JusticePrivacy.com

Development Tools
Work Products

Privacy Policy Guidance, Volume 1

Historical background

The first volume of the Privacy Policy Guidance series is the most substantial work product to come out of the IIJIS Privacy Policy Subcommittee to date. The story behind its development includes thousands of hours of research, six full subcommittee hearings, countless meetings with individual subcommittee members, and one major re-write. Criminal justice agencies interested in developing a privacy policy for their integrated information systems could learn a great deal from the history of Illinois's privacy policy efforts.

The subcommittee had to substantially change its direction from developing policy to articulating best privacy practices that state and local justice agencies could use to develop their own policies.

The initial goal of the subcommittee was bold: to develop a comprehensive, statewide privacy policy that would guide Illinois justice agencies in their collection, analysis, and sharing of personally identifying information. To this end, staff devoted considerable time to developing an outline of the proposed policy. It was at this point that staff was approached by the Global Privacy and Information Quality Working Group and its report, Privacy Policy Development Guide and Implementation Templates, contains an expanded version of Illinois's privacy policy outline.

The IIJIS Privacy Policy Subcommittee decided to focus its initial policy development efforts on the types of information traditionally shared by the justice system. It was felt that these exchanges of information were being overlooked for sexier issues surrounding information sharing for anti-terrorism initiatives. Staff took the concerns identified in the Issues document, notes from meetings with individual members, and hours of research into existing information sharing practices in Illinois, and drafted, in declarative language, policy provisions for the sharing of justice information concerning various actors in the justice system.

The first draft of the policy attempted to address the collection, use, sharing, and retention of personally identifying information about suspects, arrestees, convicted persons, probationers, prisoners, parolees (i.e., those on supervised release), victims, and witnesses. The draft attempted to address the group's concerns as stated in the Issues document by making logical expansions of existing protections and adopting some ideas implemented by other jurisdictions - all properly footnoted and discussed in a commentary under each section.

Unfortunately, the subcommittee couldn't go from issue identification directly to developing the privacy policy. Too many questions had not yet been answered. Would the policy provisions discussed and included by the subcommittee be mandatory? Would grant funds be conditioned upon agencies' adherence to these policies?

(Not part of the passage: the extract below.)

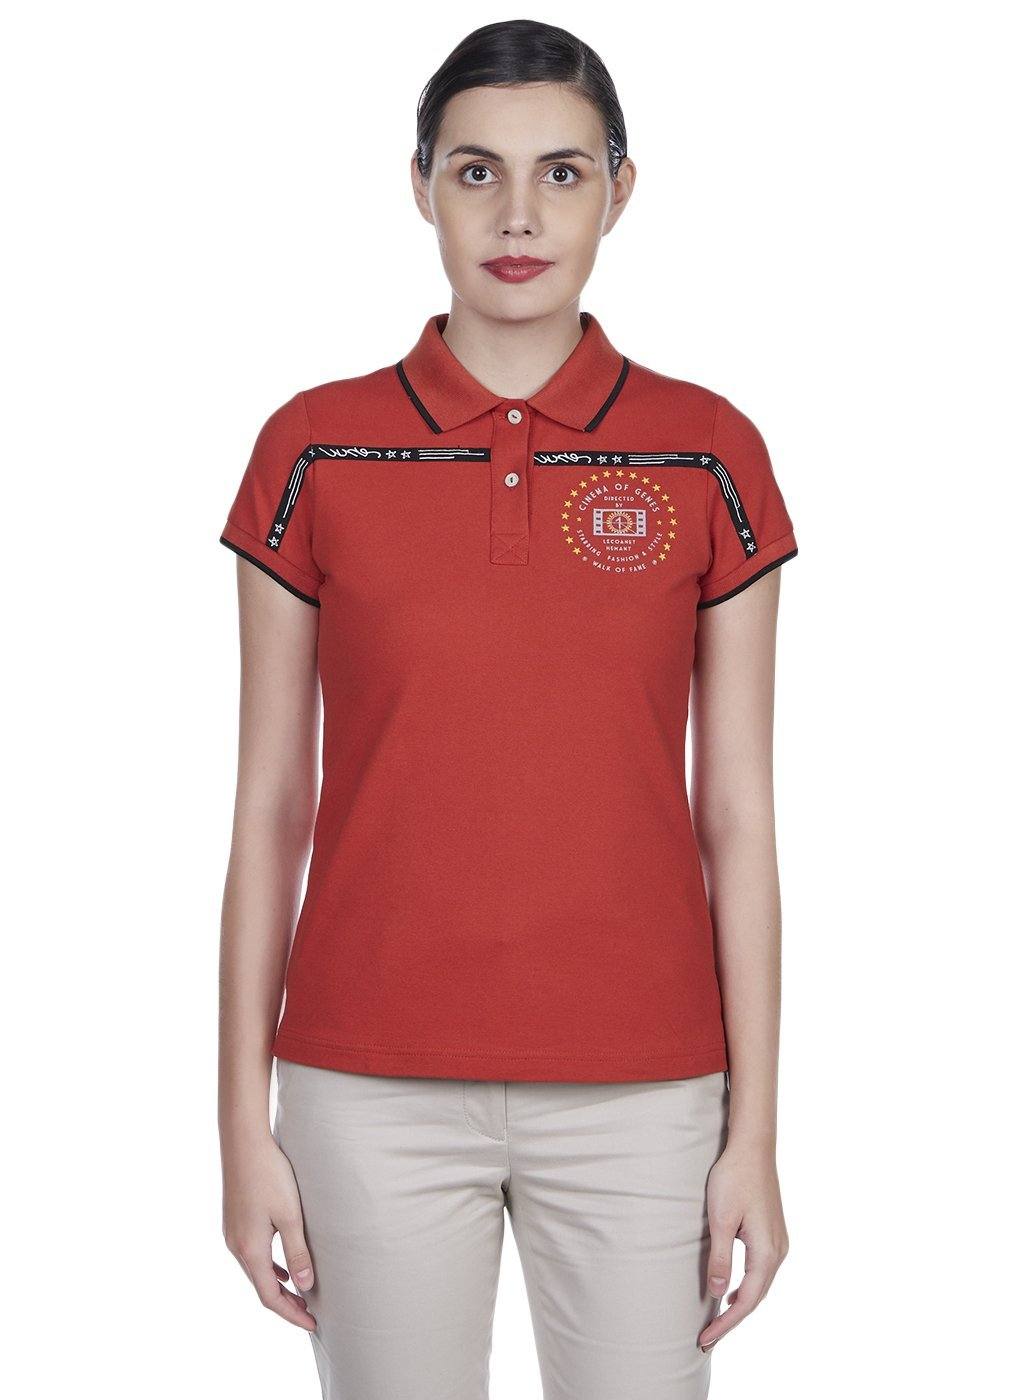 THE PEFECT AUDITION POLO - Genes online store 2020
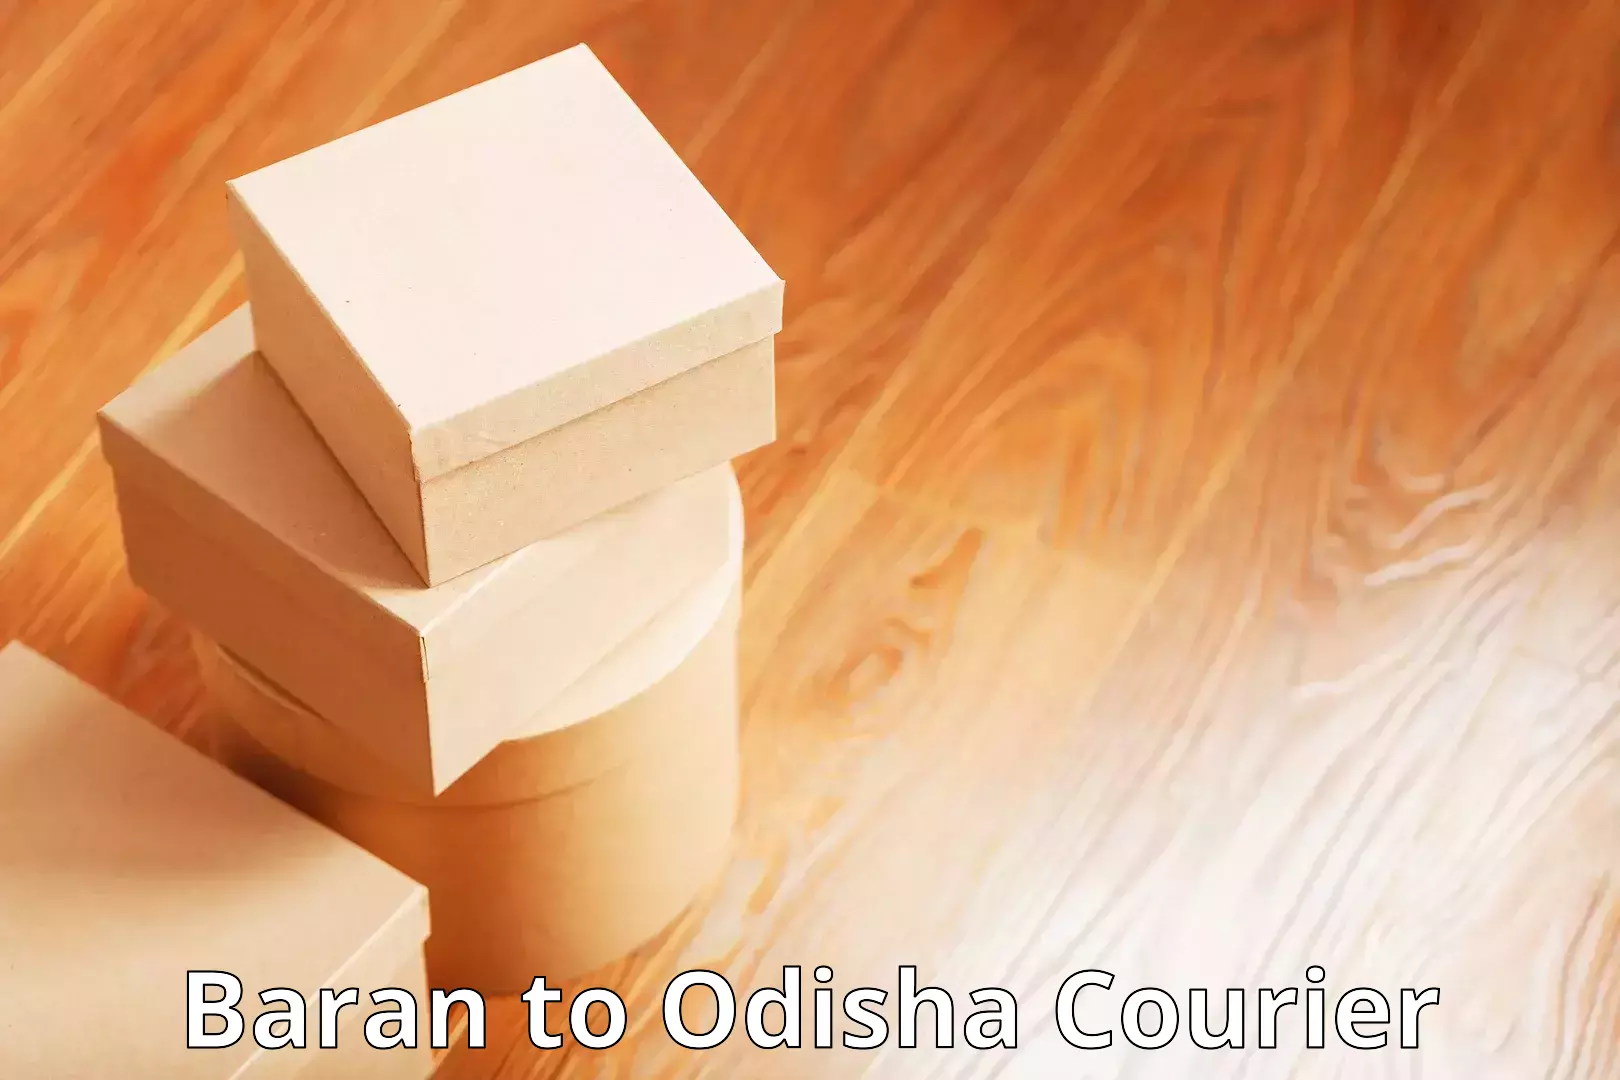 Next-day delivery options Baran to Odisha

What were the existing protections in each of the privacy areas?

The result was a substantial change in the subcommittee's direction from developing policy to articulating best privacy practices that state and local justice agencies could use to develop their own policies. The thought was that providing uniform guidance would result in substantially similar privacy protections across the state. Additionally, compilations of best practices, especially those developed with diverse stakeholder input, have a tendency to become standards of care. Developing best practices also freed participants to discuss issues without fear of binding their agencies to rules developed by the subcommittee. This meant that the draft policy staff had developed had to be reorganized and significantly rewritten.

Privacy Policy Guidance, Volume 1, is vastly improved over that original draft policy. The first volume of the series (volumes were necessary to break down the privacy work into manageable components) begins with a brief overview of the privacy interests implicated by the enhanced collection, analysis, and sharing of information made possible by integrated justice information systems. The report then introduces the types of personally identifying information collected about actors in the criminal justice system. For each class of actor, the report describes the types of information sharing that are mandated, prohibited, and permitted by existing federal and state requirements. Volume 1 also identifies issues that agencies should address before developing or participating in an integrated justice information system; the pros and cons of each issue are addressed followed by the subcommittee's recommendations regarding how that information should be treated. Although resolution of several issues awaits the development of future volumes, the first volume in the Privacy Policy Guidance series is a significant step toward understanding the body of law surrounding the sharing of information by the Illinois criminal justice system.

Each state should seriously consider developing a document like Privacy Policy Guidance, Volume 1 to better understand the privacy issues and protections in place to protect their residents' privacy interests.